Sebaliknya, prevalensi yang lebih tinggi telah dilaporkan dalam studi yang
merekrut pasien TBI pada berbagai waktu pasca cedera. Dalam studi terbesar
hingga saat ini, Kreutzer et al. (2001) memeriksa 722 pasien dengan cedera
otak ringan hingga berat, dirujuk ke pusat trauma tingkat I regional untuk
penilaian rawat jalan, dan rata-rata waktu pasca cedera adalah 2,5 tahun,
mulai dari 3 bulan hingga 9 tahun. Dalam studi ini, 42% memenuhi kriteria
DSM-IV untuk episode depresi mayor, berdasarkan analisis skor
menggunakan Neurobehavioural Functioning Inventory, sebuah kuesioner
laporan diri. Generalisasi dari temuan penelitian ini, bagaimanapun, diakui
sebagai dilemahkan oleh fakta bahwa semua pasien direkrut dari satu pusat
rawat jalan dan bergantung pada laporan diri pasien (Kreutzer et al., 2001).
Temuan ini sejalan dengan Hibbard et al. (1998) dan Hoofien, Gilboa, Vakil,
dan Donovick (2001). Hibard et al. (1998) mendiagnosis 48% dengan depresi
berat pasca TBI; di antaranya, 38% menderita depresi berat pada saat
wawancara. Sampel terdiri dari 100 pasien TBI dengan cedera dengan
berbagai tingkat keparahan, rata-rata 7,6 tahun pasca cedera dan dinilai pada
tiga titik waktu relatif terhadap cedera: sebelum TBI, pasca TBI, dan saat
cedera.
DEPRESI SETELAH CEDERA OTAK 69
wawancara. Ketika sampel termasuk pasien yang sebelumnya didiagnosis
dengan depresi berat, dan pasien dengan depresi pasca-TBI, prevalensi
meningkat menjadi 61%. Hibard et al. (1998) mengakui keterbatasan yang
melekat dalam penelitian mereka mengenai interpretasi data depresi pra-TBI
dan pasca-TBI. Karena pasien TBI diminta untuk memberikan laporan
retrospektif tentang keadaan afektif mereka, data tersebut dapat dikaburkan
oleh defisit neurokognitif dan kesadaran. Sebaliknya, Hoofien et al. (2001)

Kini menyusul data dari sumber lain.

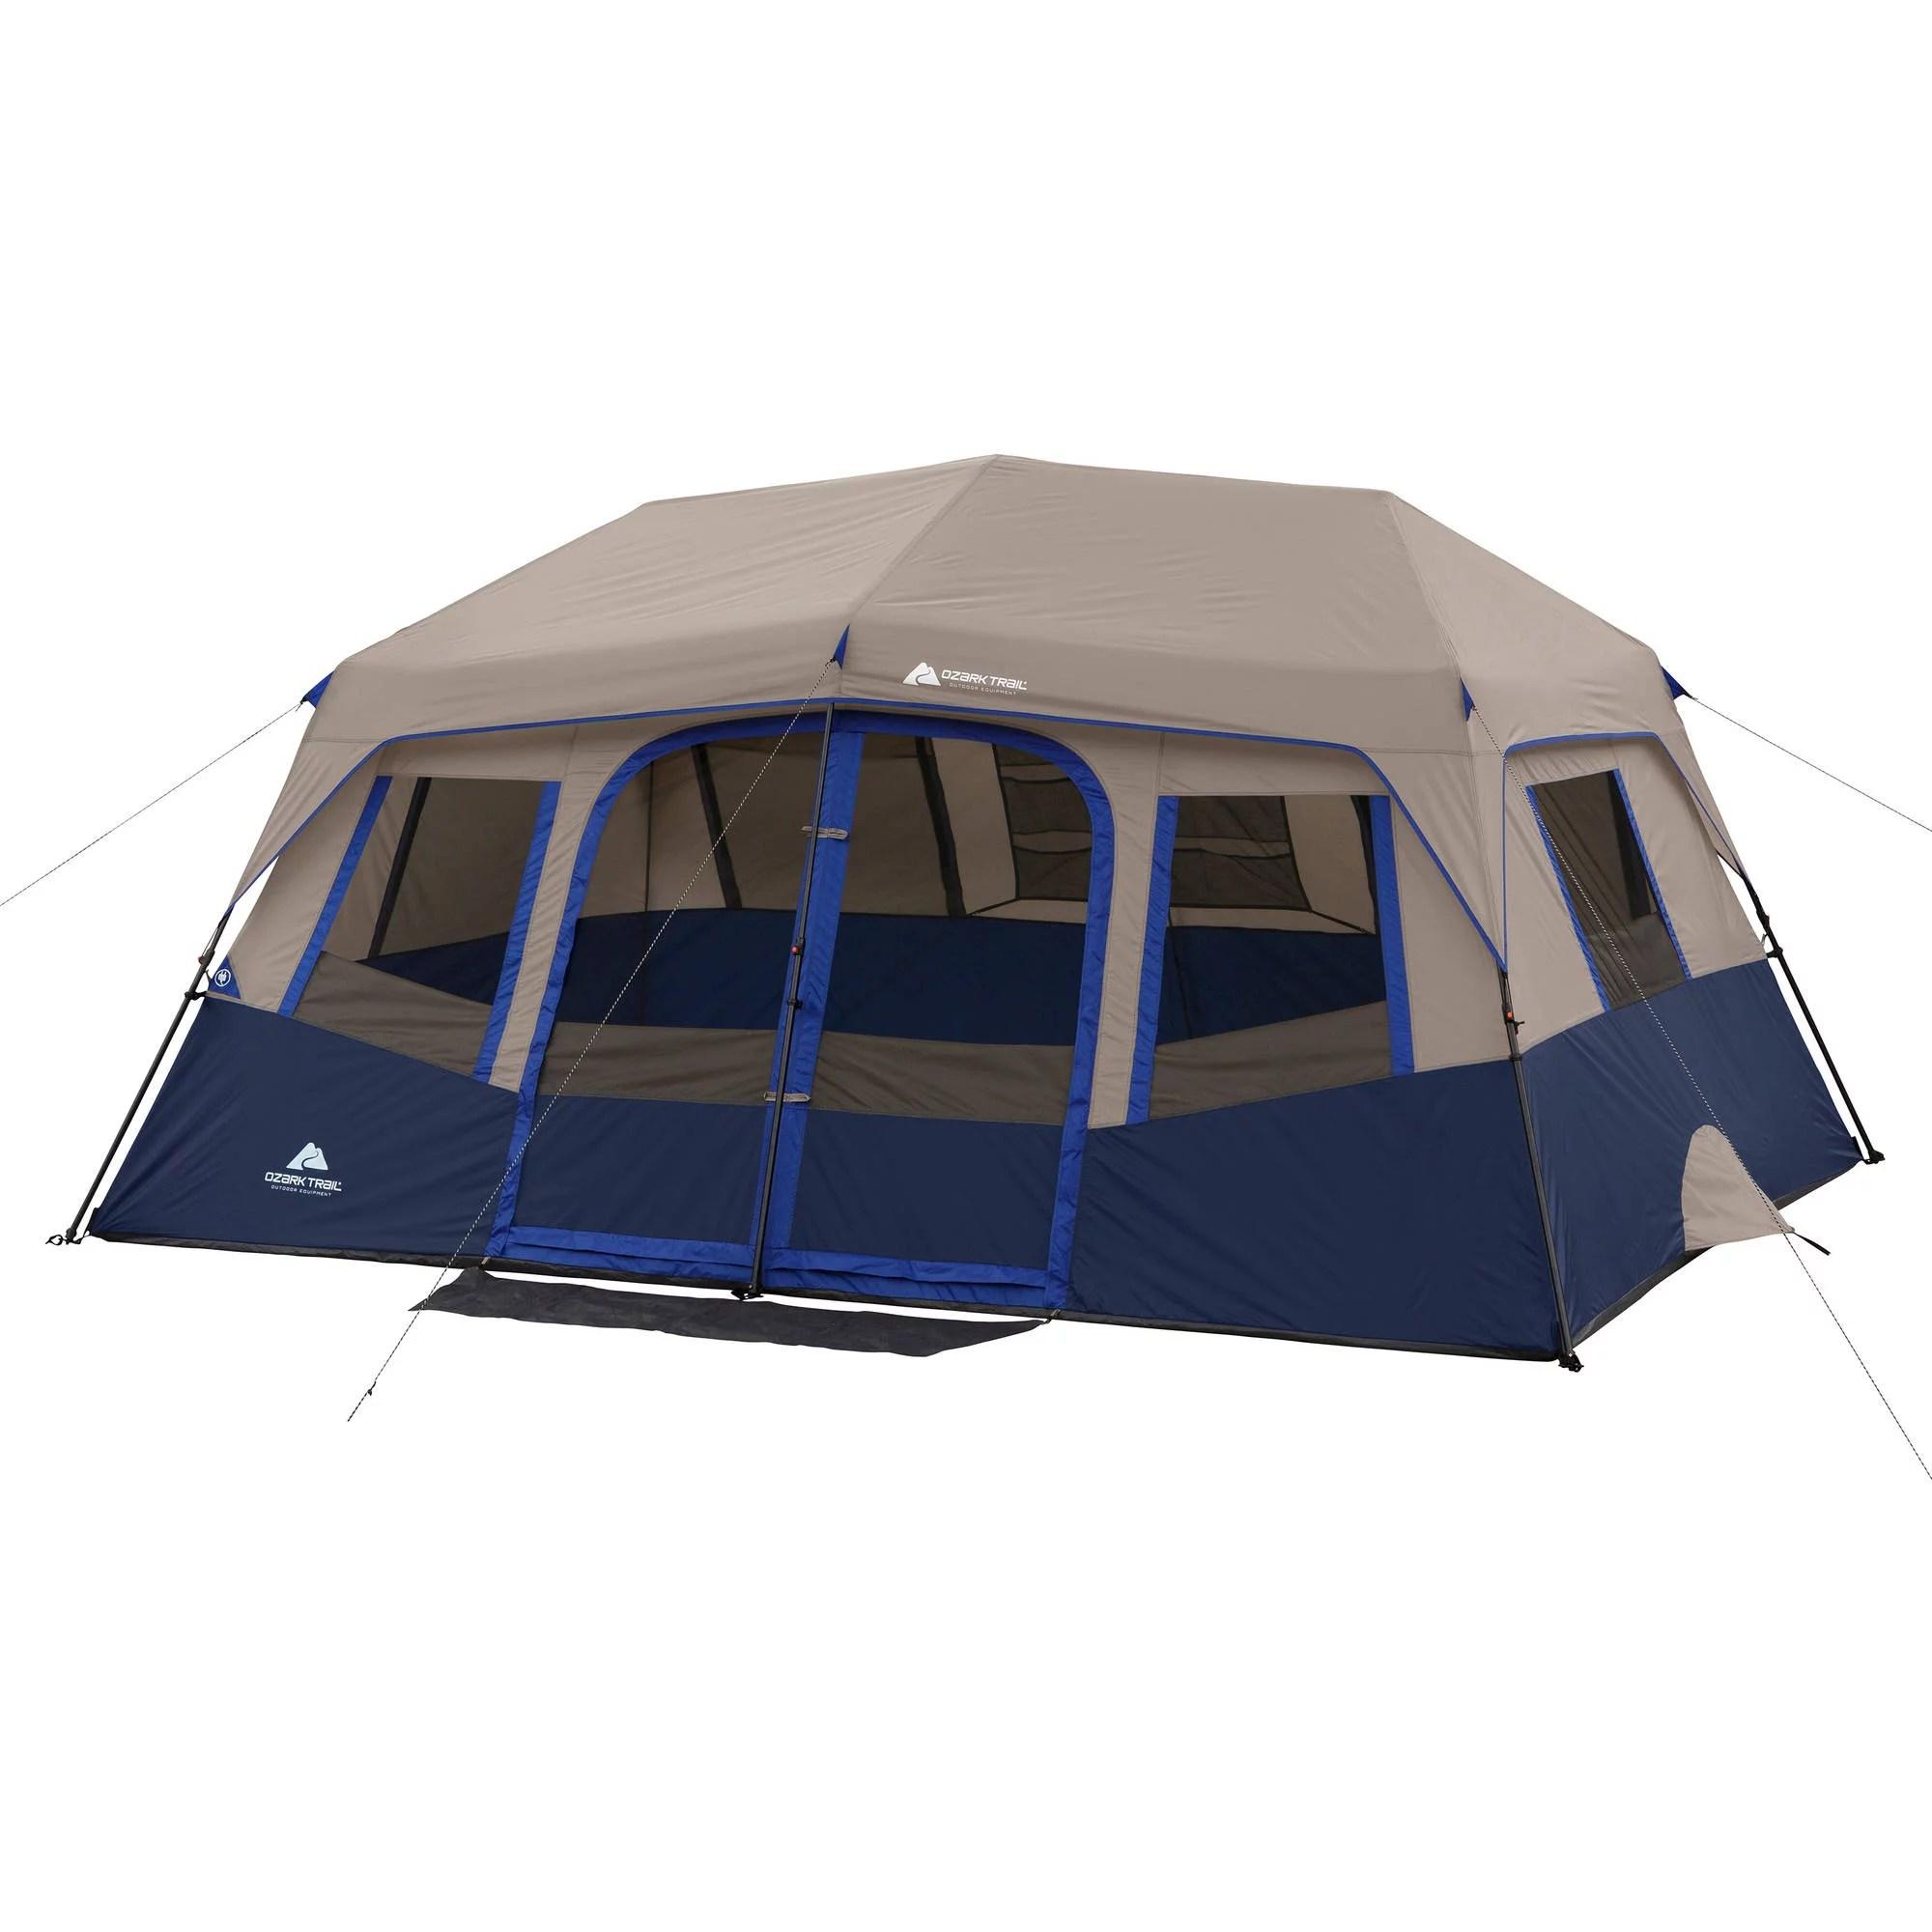 Ozark Trail 10 Person 2 Room Instant Cabin Tent  Walmartcom

menemukan bahwa 45% dari sampelnya yang terdiri dari 76 pasien dengan
TBI berat, dan rata-rata 14,1 tahun pasca cedera, menderita depresi, seperti
yang ditunjukkan oleh peningkatan skor pada Daftar Periksa Gejala
90—Revisi. Tingkat prevalensi sedikit lebih tinggi dari 57% dan 59%,
masing-masing telah dilaporkan oleh Douglas dan Spellacy (2000), dan
Glenn et al. (2001). Penelitian Douglas dan Spellacy (2000) terdiri dari 35
pasien dengan TBI berat dan rata-rata 7 tahun pasca cedera (rentang=3,5–10
tahun), dan penelitian Glenn et al. (2001) terdiri dari 41 pasien dengan TBI
ringan sampai -keparahan parah dan rata-rata 3,4 tahun pasca cedera.

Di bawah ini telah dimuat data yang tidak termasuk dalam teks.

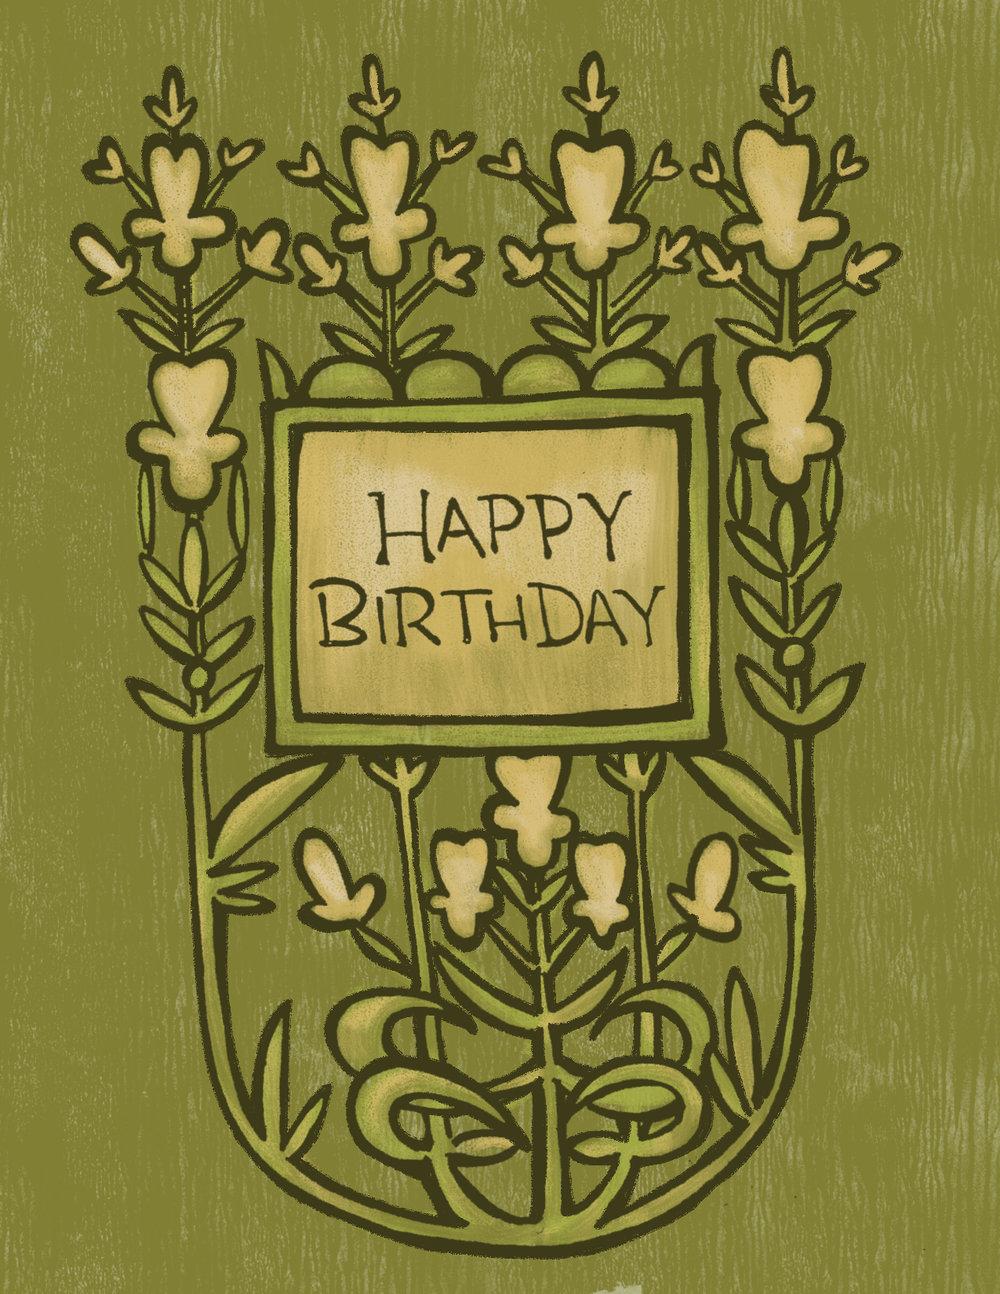 Happy Birthday Green Floral.jpg

Kecuali Kreutzer et al. (2001) dan Glenn et al. (2001), penelitian ini telah
meneliti prevalensi depresi pada pasien TBI setidaknya 3,5 tahun pasca
cedera. Oleh karena itu mereka memberikan dukungan untuk argumen,
mengingat tingginya kejadian yang dilaporkan, bahwa prevalensi depresi
pada pasien TBI meningkat seiring waktu setelah tahun pertama pasca
cedera.

Stroke
Seperti TBI, estimasi prevalensi untuk depresi pasca stroke (PSD) sangat
bervariasi antara 64% dan 10% (Aben et al., 2001); literatur terganggu
dengan temuan yang tidak konsisten. Namun, berbeda dengan literatur
depresi pasca TBI, hanya sedikit penelitian yang meneliti frekuensi depresi
pada pasien stroke lebih dari 2 tahun pasca stroke (Dam, 2001). Sebaliknya,
banyak perhatian telah difokuskan pada prevalensi PSD pada waktu tertentu
selama tahun pertama pasca stroke.
Meneliti fase akut pasca stroke, penelitian Ramasubbu et al. (1998)

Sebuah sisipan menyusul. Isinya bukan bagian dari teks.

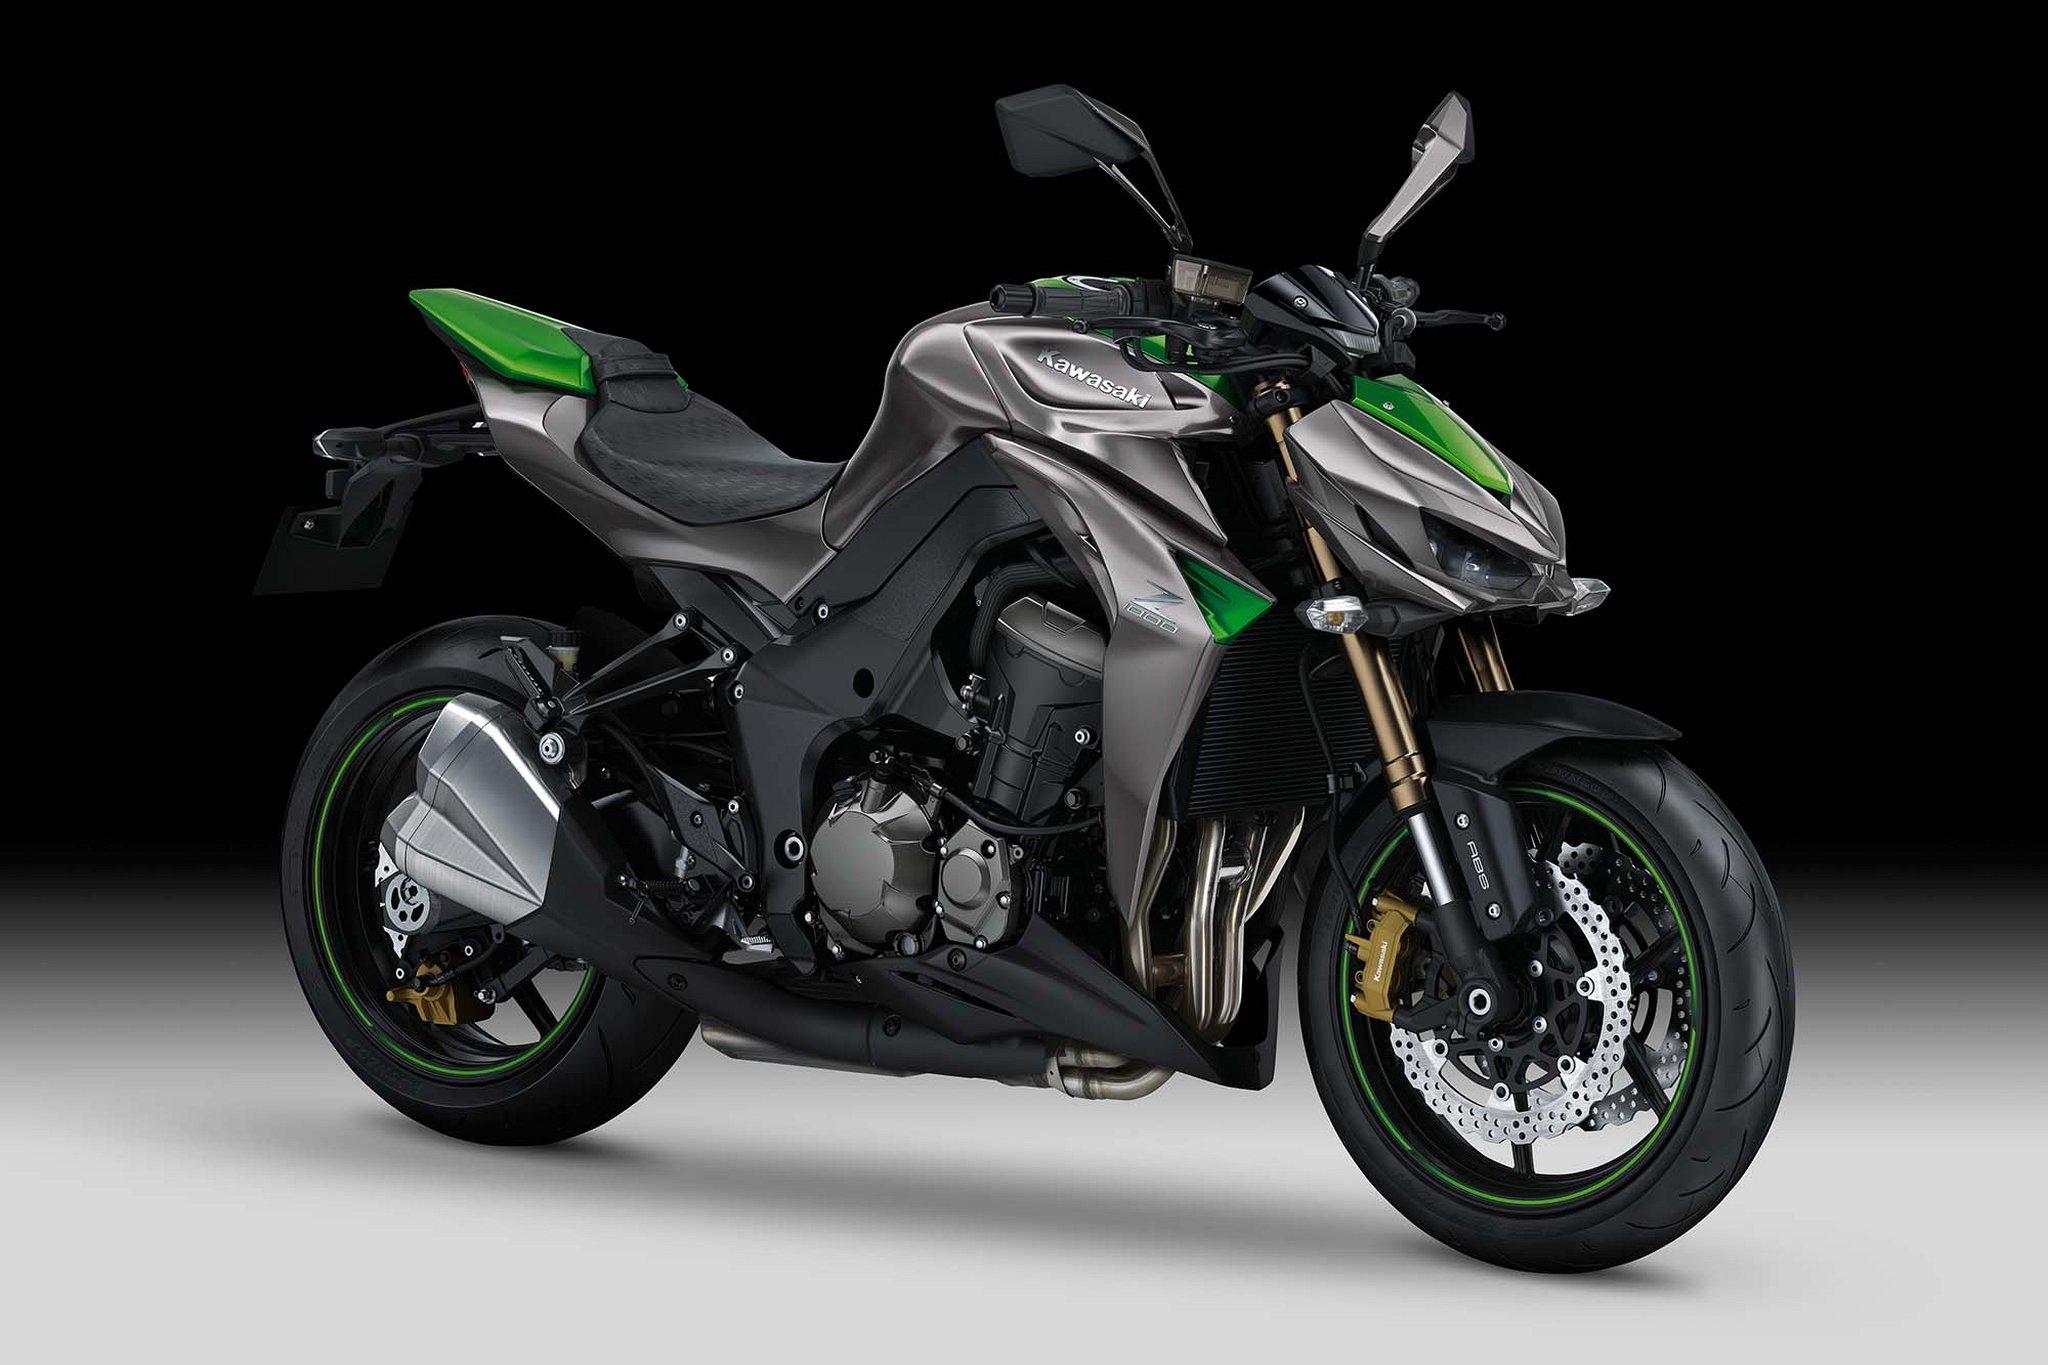 Мотоцикл Kawasaki Z1000 Special Edition 2014 Описание ...

terhadap 626 pasien stroke berbasis rumah sakit, menemukan 13% skor
dalam kategori depresi berat dan 13% dalam kategori depresi sedang. Studi
tersebut menilai pasien menggunakan Center for Epidemiological Studies
Depression Scale (CESD), 7-10 hari pasca stroke. Perkiraan prevalensi
Ramusubbu et al. (1998) untuk depresi berat lebih rendah dari 20% yang
dilaporkan oleh Downhill dan Robinson (1994) tetapi jauh lebih tinggi dari
5,6% yang dilaporkan oleh Berg et al. (2001). Sampel Downhill dan
Robinson (1994) dari 309 pasien stroke berbasis rumah sakit, rata-rata, 11,3
hari pasca stroke dan dinilai berdasarkan DSM-III dan Hamilton Depression
Rating Scale. Demikian pula, Berg et al. (2001) menggunakan instrumen
diagnostik yang sama dan juga merekrut sampel berbasis rumah sakit dari
100 pasien stroke berturut-turut yang 2 minggu pasca stroke.
Dari studi yang meneliti PSD pada tahap pasca-akut, Morris et al. (1992)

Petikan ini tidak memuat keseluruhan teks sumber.